Mike Dettinger, California’s “Dr. AR”, sent around a paper today (pdf) that pushes the boundary in our direction. It was a memorably impressive January 2010 storm, which came close to setting records (and in some cases set records) for runoff in the high country along the Mogollon Rim in Arizona and in the Gila Mountains of southwest New Mexico:
The AR was oriented nearly orthogonal to the Mogollon Rim, a major escarpment crossing much of central Arizona, and was positioned between the high mountain ranges of northern Mexico. High melting levels during the heaviest precipitation contributed to region-wide ?ooding, while the high altitude snowpack increased substantially. The characteristics of the AR that impacted Arizona in January 2010, and the resulting heavy orographic precipitation, are comparable to those of landfalling ARs and their impacts along the west coasts of midlatitude continents.
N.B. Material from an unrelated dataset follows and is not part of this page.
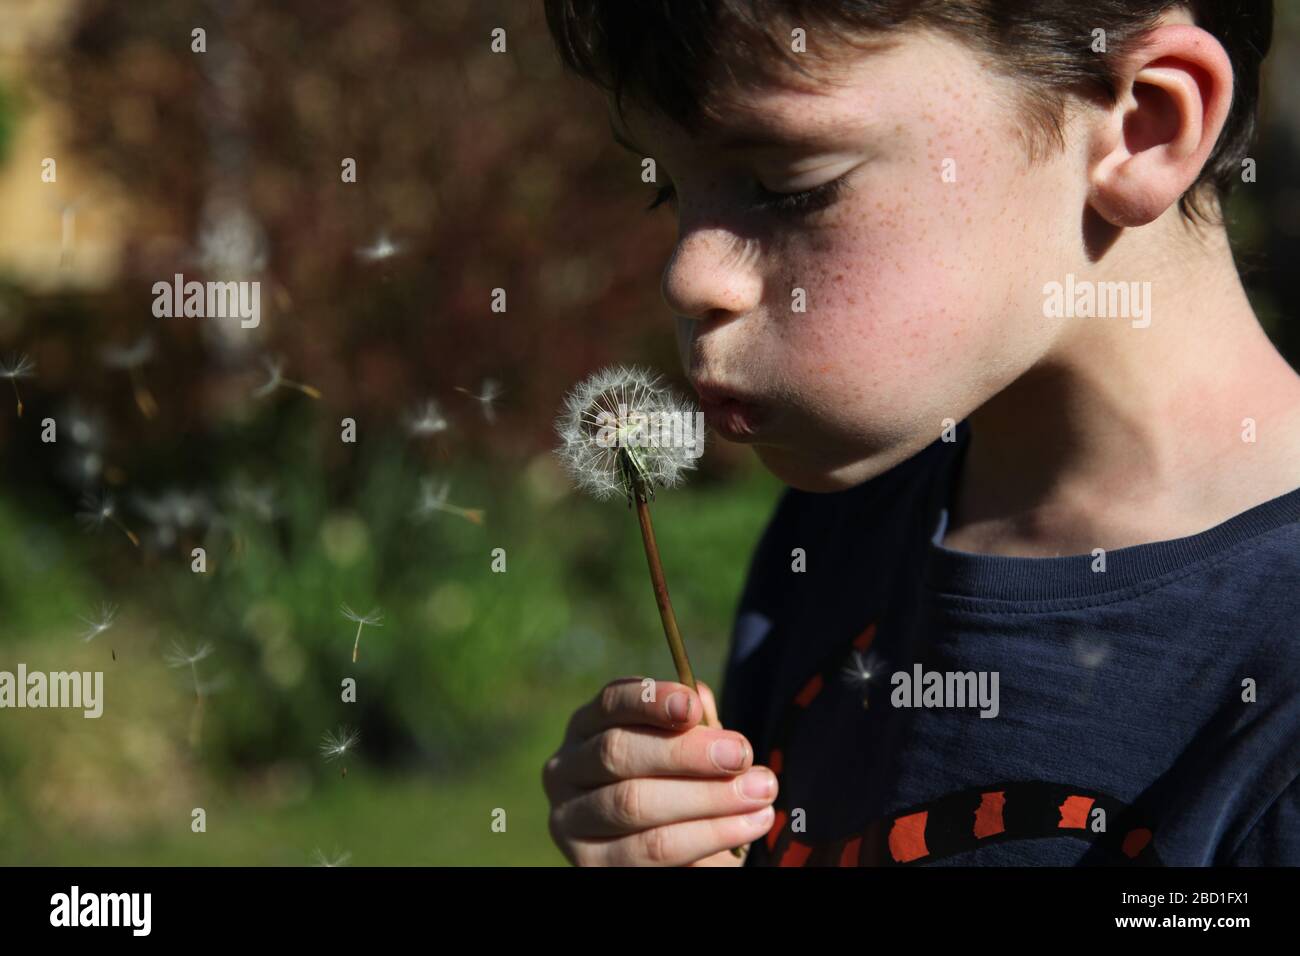 A young boy, aged 9, blowing on a dandelion 'Taraxacum' parachute ball head in a UK garden at daytime, pappus floating in wind, Spring 2020 Stock Photo

See also this shot from Wikipedia:
January 2010 was part of the last moderate El Nino episode before La Nina took over and drought conditions resumed. That AR phenomena resulted in moderate flooding even in the NM Gila region as rainfall and melting snow combined to the flood out the approaches to the bridge leading to the Gila Cliff Dwellings Visitor Center along the west fork of the Gila River.